══ Data section
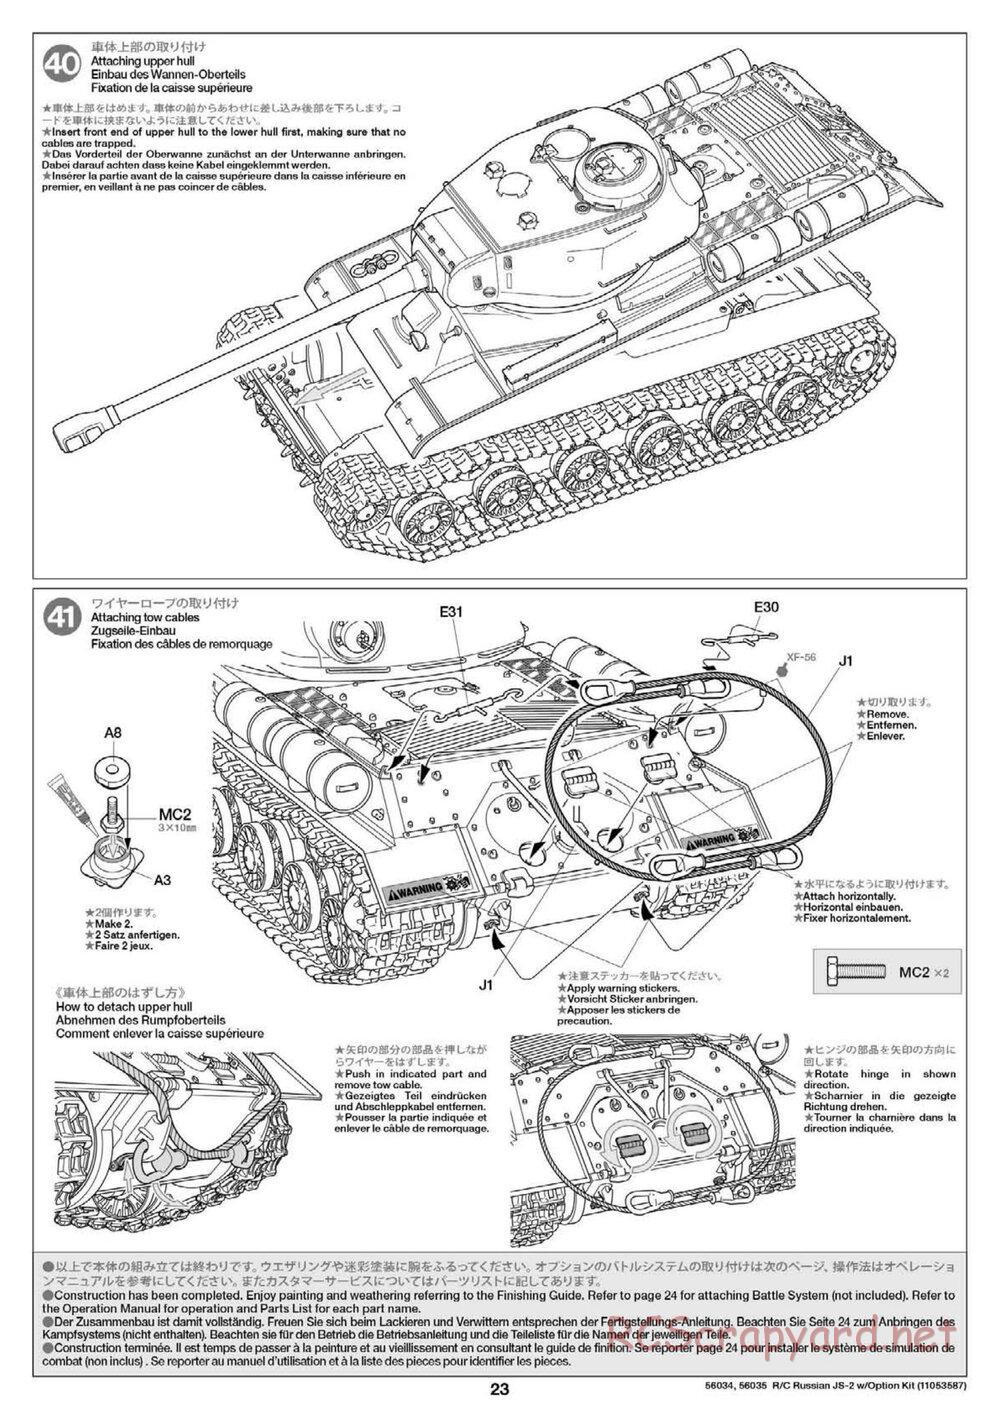 Tamiya - Russian Heavy Tank JS-2 1944 ChKZ - 1/16 Scale Chassis - Manual - Page 23
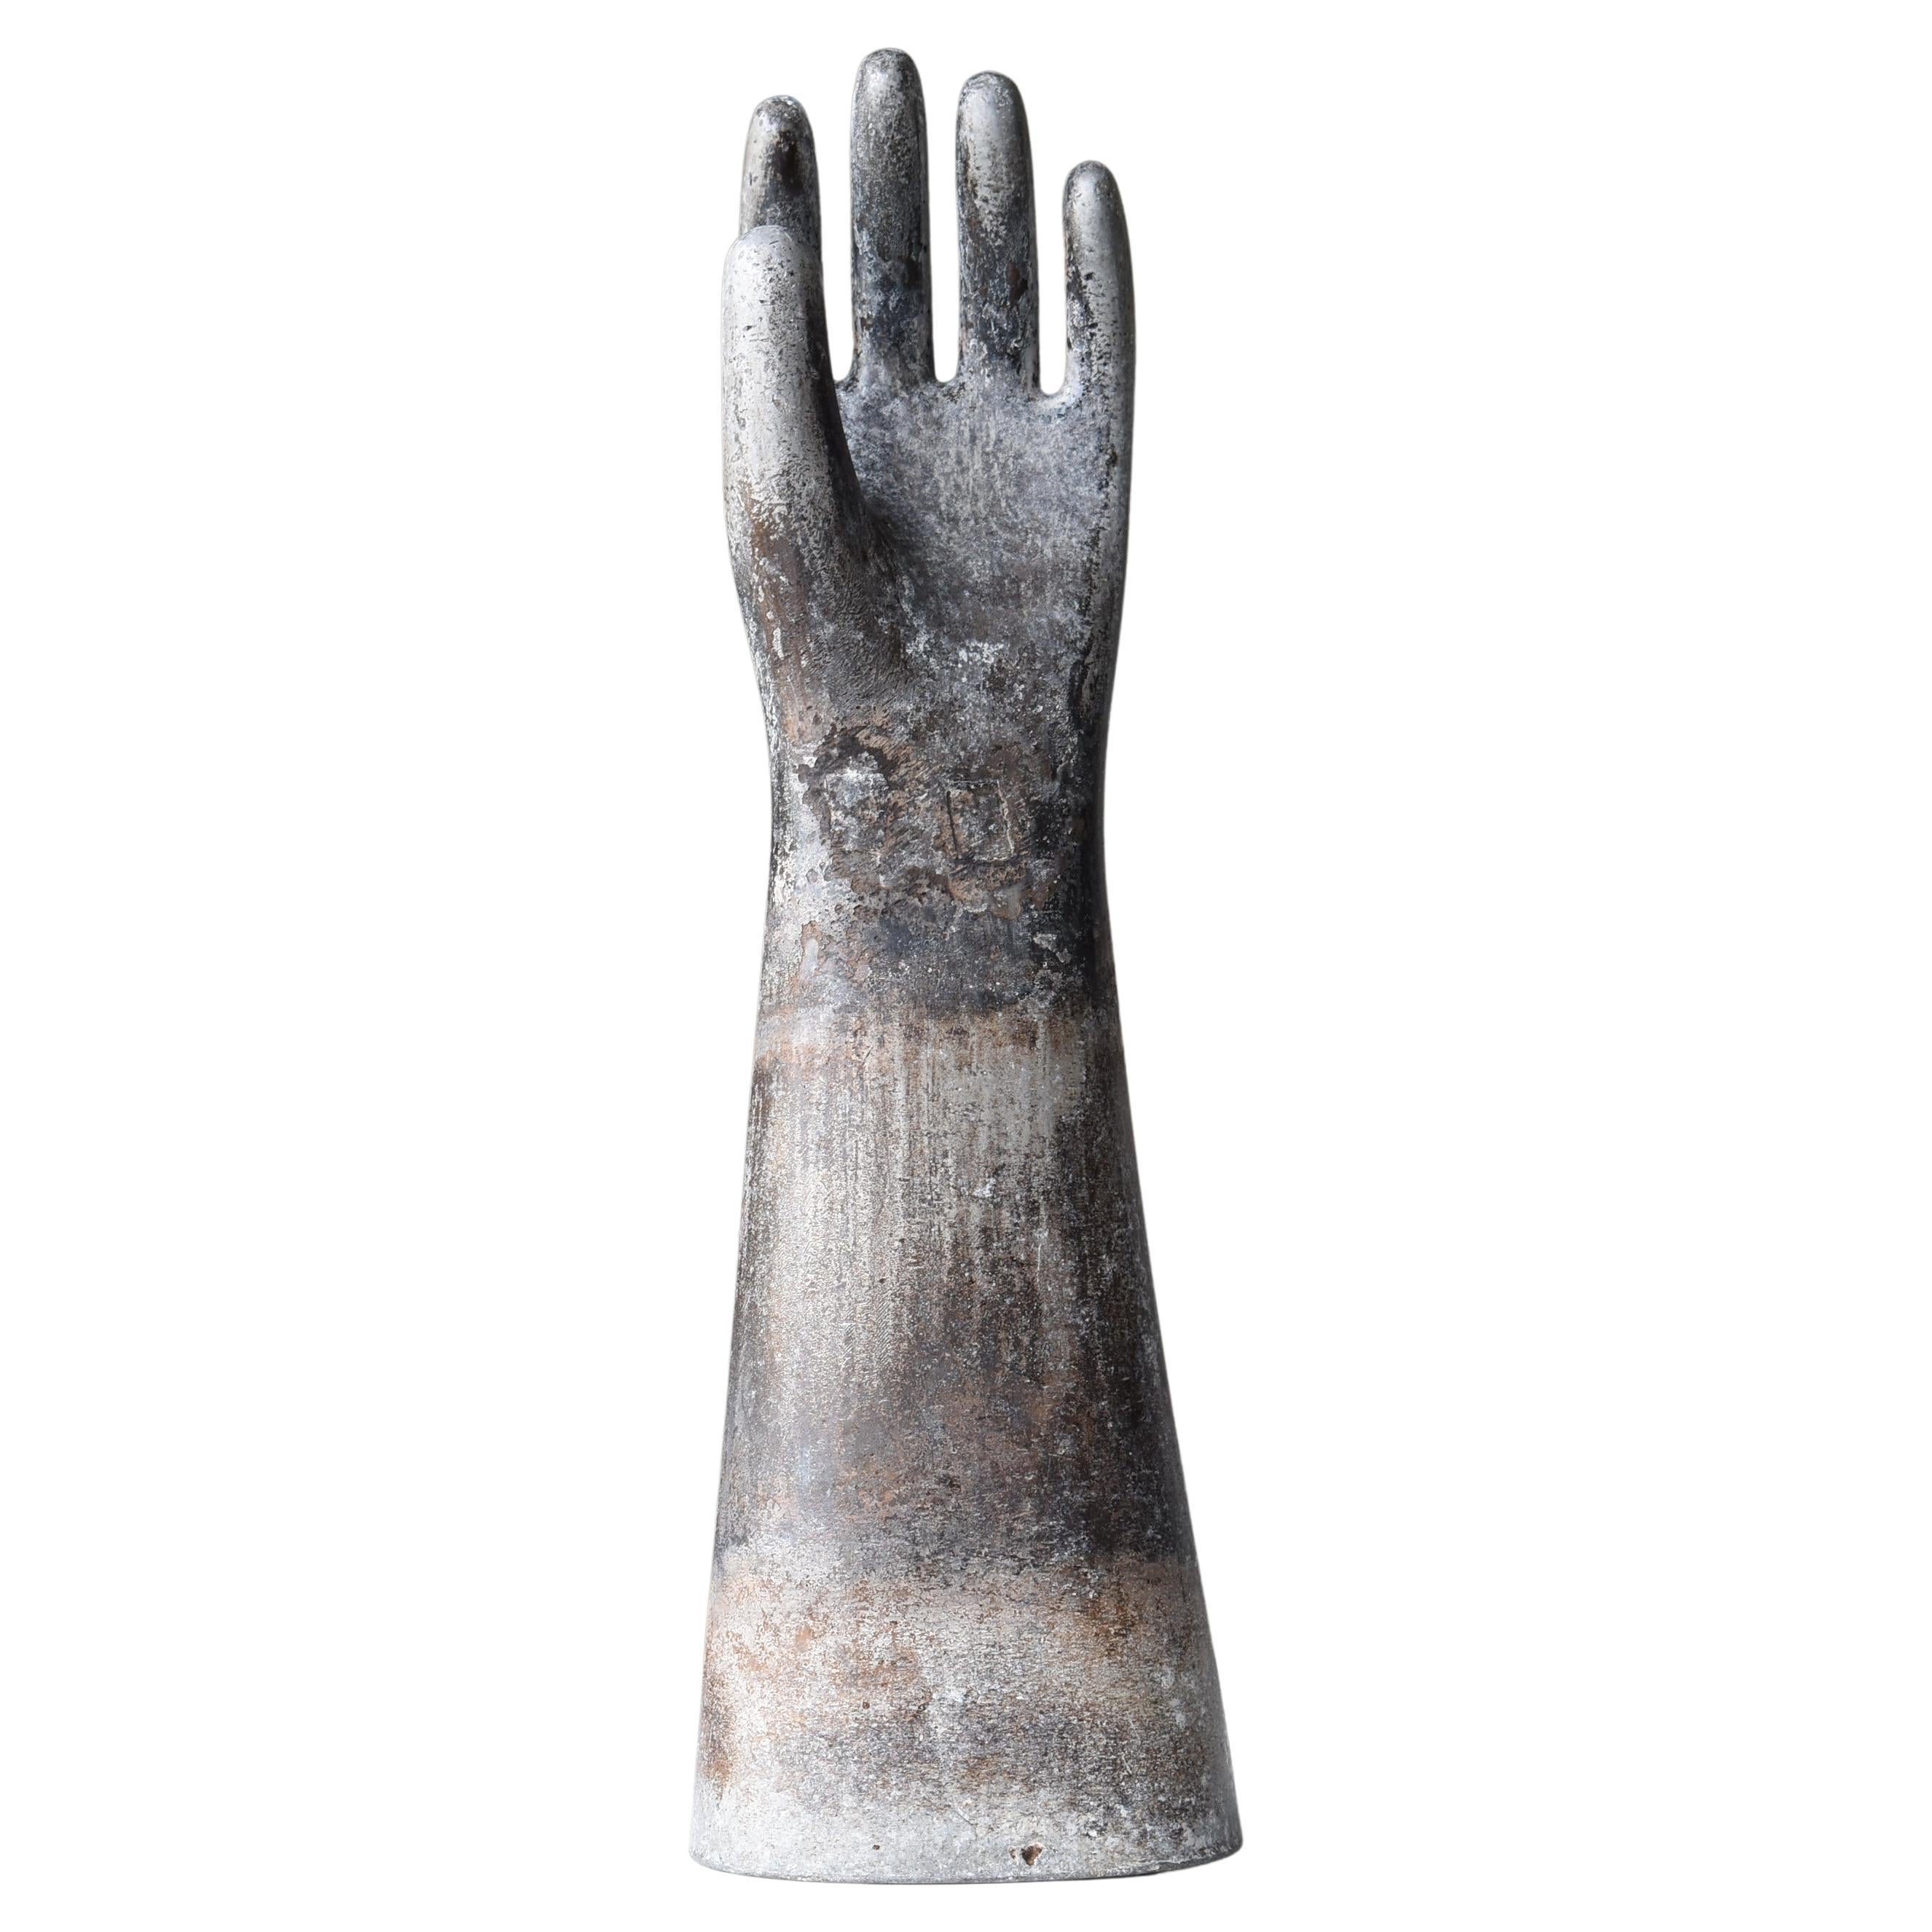 Japanese Antique Aluminum Glove Mold 1920s-1940s / Figurine Object Wabi Sabi
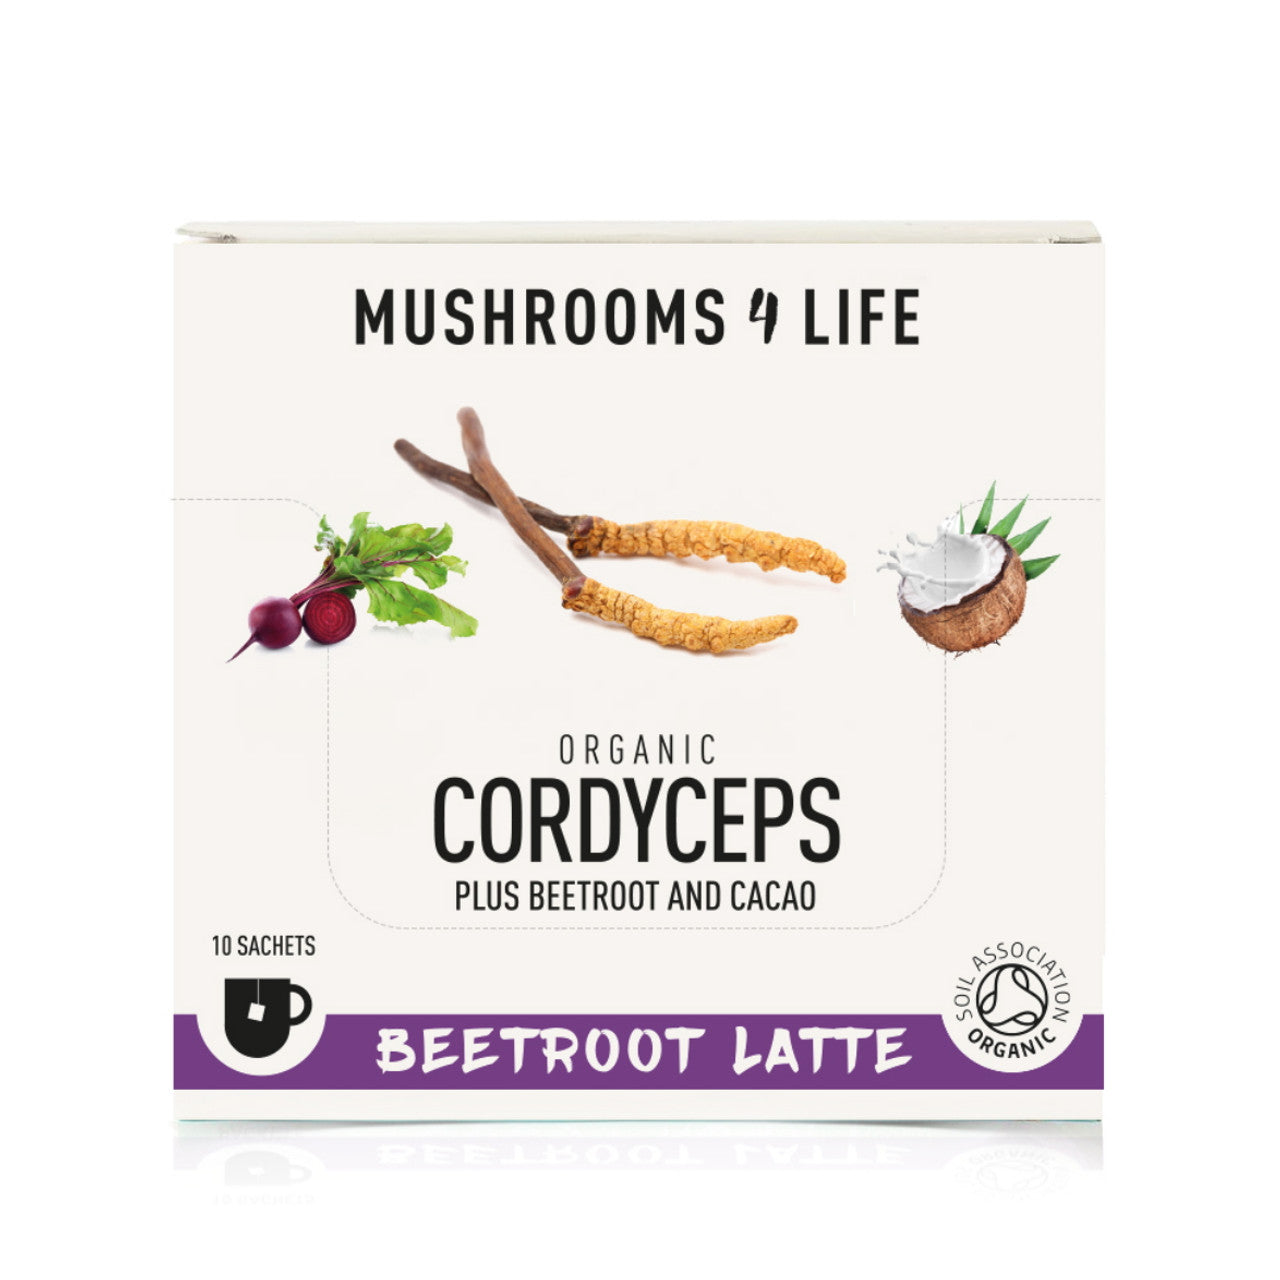 Mushrooms for Life Organic Cordyceps Beetroot Latte 130g
════
== Description of the task ==
Each line of the listing must be restated word for word, and the pictures left out.

== Response for this exercise ==
 Tamiya - Russian Heavy Tank JS-2 1944 ChKZ - 1/16 Scale Chassis - Manual - Page 23
 Japanese Antique Aluminum Glove Mold 1920s-1940s / Figurine Object Wabi Sabi
 Mushrooms for Life Organic Cordyceps Beetroot Latte 130g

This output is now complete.